## PROBLEM DETAILS
In the material below, find every line containing the string "Water" and return it.

## DATASET EXCERPTS
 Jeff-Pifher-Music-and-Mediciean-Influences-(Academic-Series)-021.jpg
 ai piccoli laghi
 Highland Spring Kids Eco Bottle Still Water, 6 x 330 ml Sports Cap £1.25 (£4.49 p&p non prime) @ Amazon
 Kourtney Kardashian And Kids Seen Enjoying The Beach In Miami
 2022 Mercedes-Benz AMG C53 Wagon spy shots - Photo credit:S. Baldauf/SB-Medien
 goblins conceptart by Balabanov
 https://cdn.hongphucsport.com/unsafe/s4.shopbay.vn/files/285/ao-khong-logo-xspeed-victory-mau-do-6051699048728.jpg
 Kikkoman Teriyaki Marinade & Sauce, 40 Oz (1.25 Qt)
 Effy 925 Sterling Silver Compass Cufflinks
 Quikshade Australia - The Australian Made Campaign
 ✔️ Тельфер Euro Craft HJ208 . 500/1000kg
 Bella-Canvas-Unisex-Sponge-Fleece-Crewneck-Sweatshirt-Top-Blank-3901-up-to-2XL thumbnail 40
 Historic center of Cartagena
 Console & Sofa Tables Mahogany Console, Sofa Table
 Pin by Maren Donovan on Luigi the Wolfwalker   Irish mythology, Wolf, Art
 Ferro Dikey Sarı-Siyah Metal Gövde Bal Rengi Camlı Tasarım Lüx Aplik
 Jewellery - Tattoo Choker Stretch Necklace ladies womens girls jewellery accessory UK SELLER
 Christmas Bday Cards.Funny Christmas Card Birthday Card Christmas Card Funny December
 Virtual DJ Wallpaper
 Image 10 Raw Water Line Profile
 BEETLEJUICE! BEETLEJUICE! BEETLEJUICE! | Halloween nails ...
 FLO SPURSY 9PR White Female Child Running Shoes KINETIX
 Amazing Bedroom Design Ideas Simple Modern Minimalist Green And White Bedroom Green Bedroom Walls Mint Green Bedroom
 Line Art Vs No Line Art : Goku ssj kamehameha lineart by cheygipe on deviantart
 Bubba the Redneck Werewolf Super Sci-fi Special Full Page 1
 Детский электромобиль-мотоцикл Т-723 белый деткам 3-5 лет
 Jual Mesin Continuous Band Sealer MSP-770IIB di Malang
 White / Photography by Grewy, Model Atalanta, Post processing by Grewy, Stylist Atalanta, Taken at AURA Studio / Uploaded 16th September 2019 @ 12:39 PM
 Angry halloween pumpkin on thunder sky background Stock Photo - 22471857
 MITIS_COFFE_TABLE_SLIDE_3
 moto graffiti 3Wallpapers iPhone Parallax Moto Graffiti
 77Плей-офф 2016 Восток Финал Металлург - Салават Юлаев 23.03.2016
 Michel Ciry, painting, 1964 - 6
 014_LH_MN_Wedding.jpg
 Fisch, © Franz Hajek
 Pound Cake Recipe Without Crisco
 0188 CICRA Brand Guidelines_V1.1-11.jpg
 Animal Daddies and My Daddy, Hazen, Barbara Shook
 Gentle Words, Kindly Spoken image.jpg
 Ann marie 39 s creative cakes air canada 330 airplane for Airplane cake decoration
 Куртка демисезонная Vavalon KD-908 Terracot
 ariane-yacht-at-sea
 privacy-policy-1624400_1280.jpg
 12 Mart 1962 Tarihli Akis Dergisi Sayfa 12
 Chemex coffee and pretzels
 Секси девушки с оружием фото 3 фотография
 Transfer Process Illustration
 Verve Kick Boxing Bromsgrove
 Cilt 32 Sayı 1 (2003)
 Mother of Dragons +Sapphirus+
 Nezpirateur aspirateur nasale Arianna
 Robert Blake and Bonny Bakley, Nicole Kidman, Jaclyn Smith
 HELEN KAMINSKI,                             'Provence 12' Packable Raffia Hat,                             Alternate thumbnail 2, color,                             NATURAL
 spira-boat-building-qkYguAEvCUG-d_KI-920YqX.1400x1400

## EXERCISE SOLUTION
 Highland Spring Kids Eco Bottle Still Water, 6 x 330 ml Sports Cap £1.25 (£4.49 p&p non prime) @ Amazon
 Image 10 Raw Water Line Profile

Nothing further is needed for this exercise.